2020-03-08 20:51:00.785175: W tensorflow/core/kernels/data/generator_dataset_op.cc:103] Error occurred when finalizing GeneratorDataset iterator: Cancelled: Operation was cancelled

@Mauhing Thanks for the scripts demo; I hope the team looked into it. And yes, I tried the small batch_size and it seems to be working fine as of now.
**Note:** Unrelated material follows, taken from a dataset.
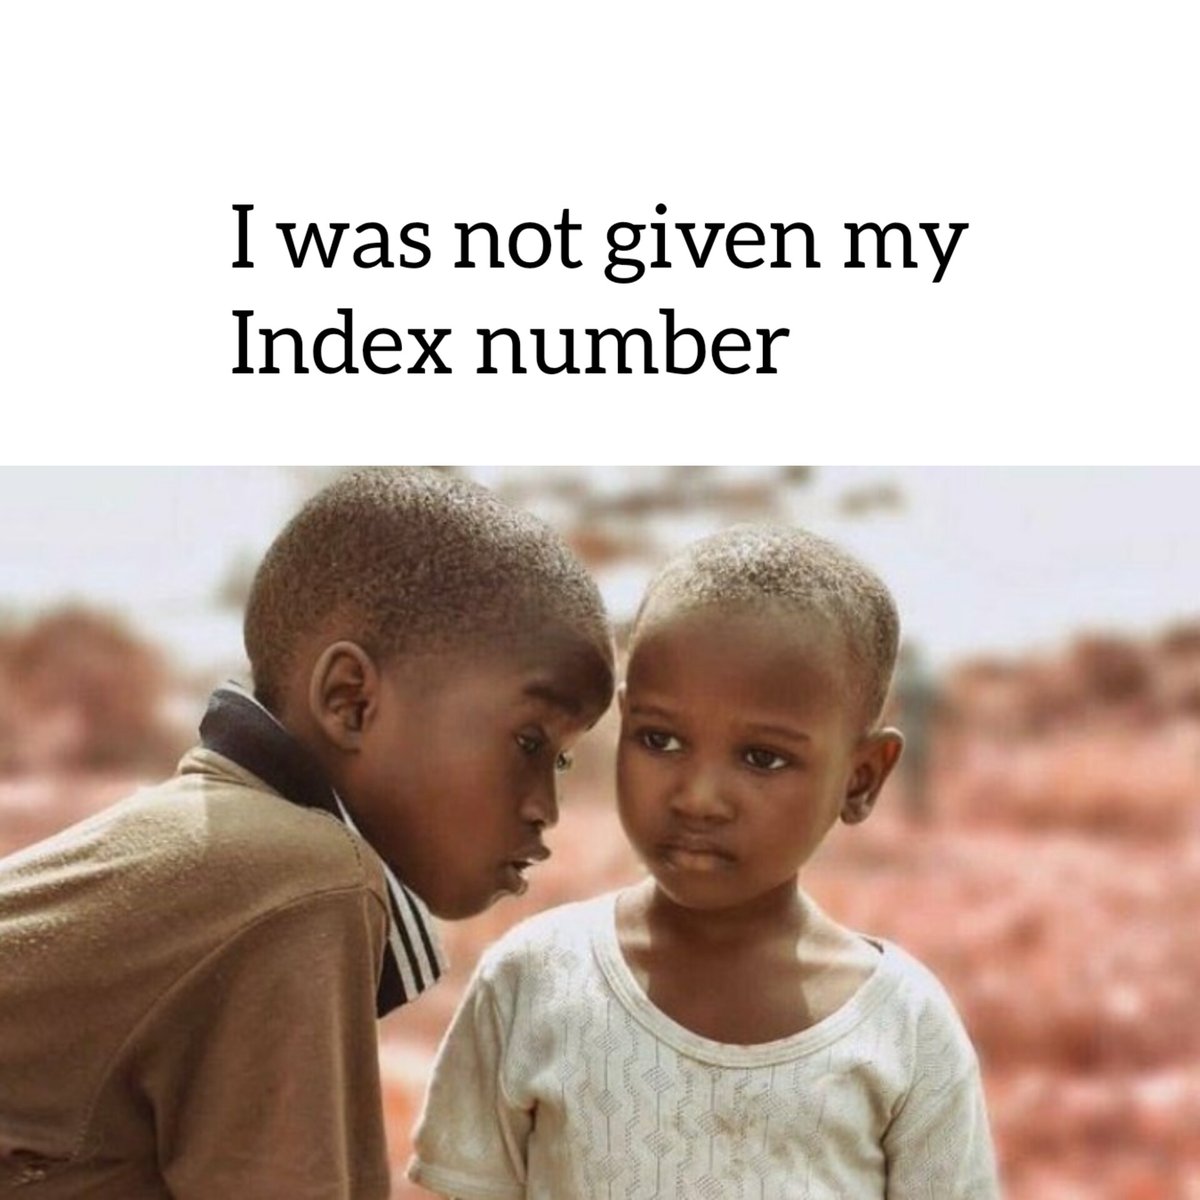 What's your index number 
#UCE2022

Luckily, my model is reaching to a good validation accuracy point in relatively small number of epochs… so there is that! 🤷🏻‍♂️

I can verify this error with python 3.8 and python-tensorflow-opt-cuda 2.1.0rc1-2 on arch linux. This error is weirdly not present if you import only the generator from tensorflow, and everything else from Keras.

@olk, I tried reproducing the reported issue but it worked as expected. Please take a look at the gist. Thanks!